Apart from classical data centers, there is a huge potential in looking at the various compute sources across the IoT landscape. We live in a world where compute is at every juncture, from us to our mobile phones, our sensor devices and gateways to our cars. Leveraging this normally idle compute is important in meeting the data analytics requirements in IoT. Future research will attempt to consider these challenges. There are three main classical architecture principles that can be applied to analytics. 1: Centralized 2: Decentralized and 3: Distributed.
The first, centralized is the most known and understood today. Pretty simple concept. Centralized compute across clusters of physical nodes is the landing zone (ingestion) for data coming from multiple locations. Data is thus in one place for analytics. By contrast, a decentralized architecture utilizes multiple big distributed clusters are hierarchically located in a tree like architecture. Consider the analogy where the leaves are close to the sources, can compute the data earlier or distribute the data more efficiently to perform the analysis. This can have some form of grouping applied to it, for example – per geographical location or some form of hierarchy setup to distribute the jobs.
Lastly, in a distributed architecture, which is the most suitable for devices in IoT, the compute is everywhere. Generally speaking, the further from centralized, the size of the compute decreases, right down to the silicon on the devices themselves. Therefore, it should be possible to push analytics tasks closer to the device. In that way, these analytics jobs can act as a sort of data filter and decision maker, to determine whether quick insight can be got from smaller data-sets at the edge or beyond, and whether or not to push the data to the cloud or discard. Naturally with this type of architecture, there are more constraints and requirements for effective network management, security and monitoring of not only the devices, but the traffic itself. It makes more sense to bring the computation power to the data, rather than the data to a centralized processing location.
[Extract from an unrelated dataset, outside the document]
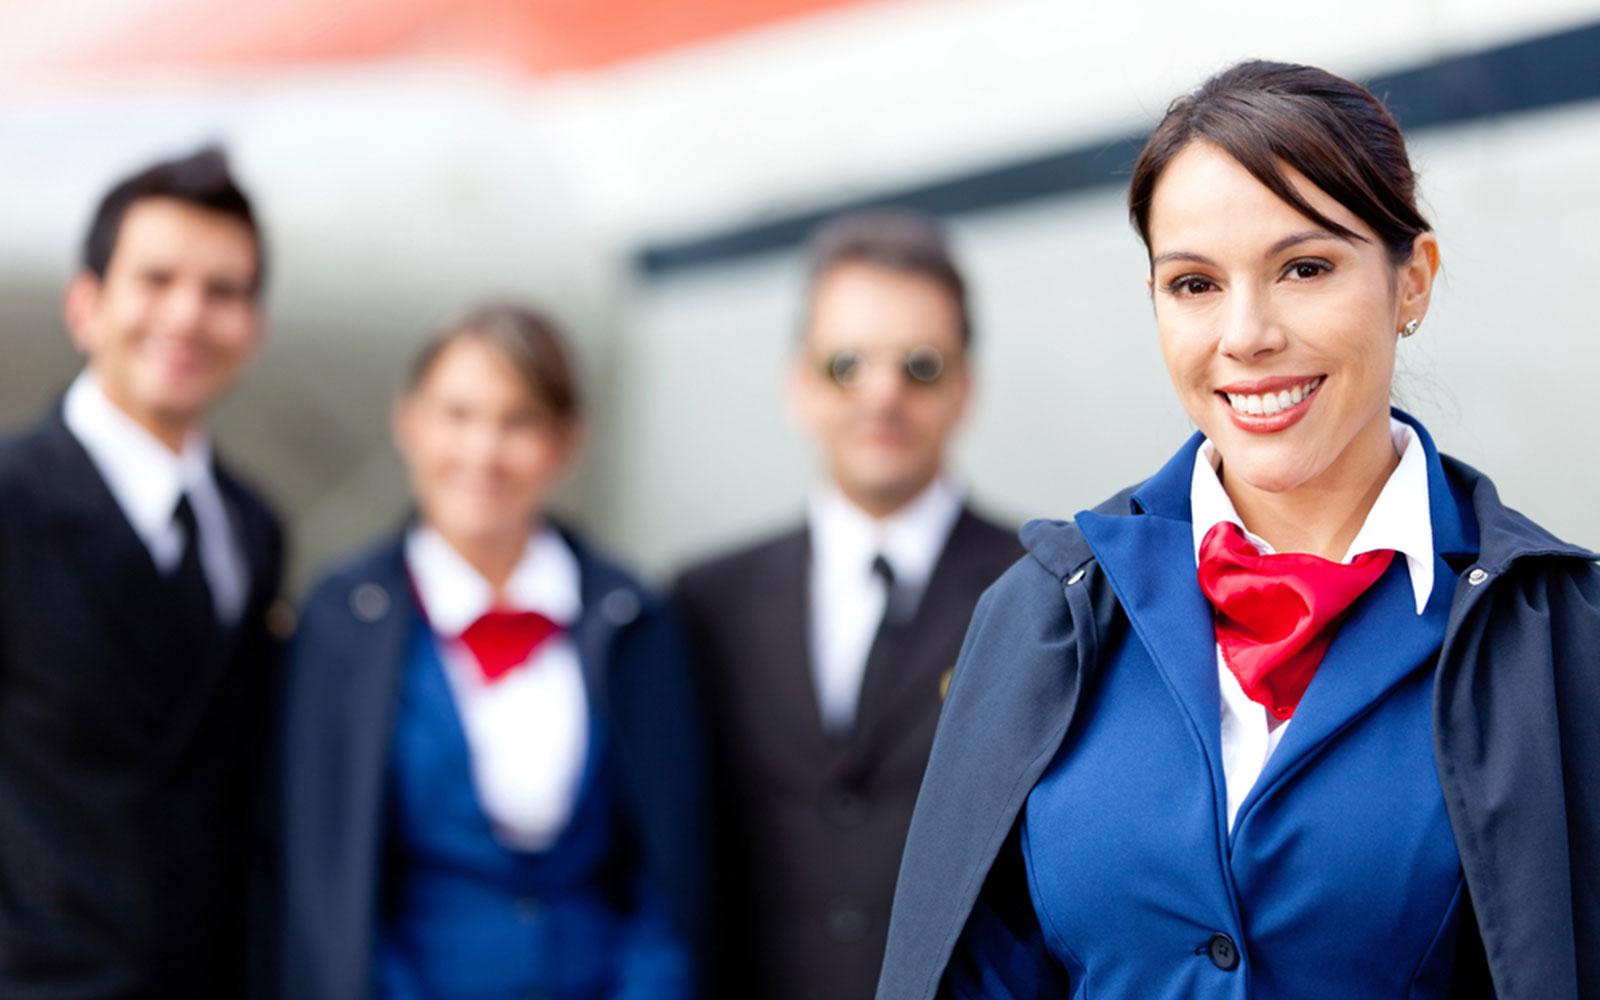 Ecole de Formation des Hôtesses de l'air et Stewards à Casablanca Maroc, Filière de l'Accueil dans les Transports Aériens et Maritimes AMTC Maroc

There is a direct relationship between the smartness of the devices and the selection and effectiveness of these three outlined architectures. As our silicon gets smarter and more powerful and efficient, this will mean that more and more compute will become available, which should result in the less strain on the cloud. As we distribute the compute, it should mean more resilience in our solutions, as there is no single point of failure.
In summary, the “Intelligent Infrastructures” now form the crux of the IoT paradigm. This means that there will be more choice for IoT practitioners to determine where they place their analytics jobs to ensure they are best utilizing the compute that is available, and ensuring they control the latency for faster response, to meet the real time requirements for the business metamorphosis that is ongoing.
Denis Canty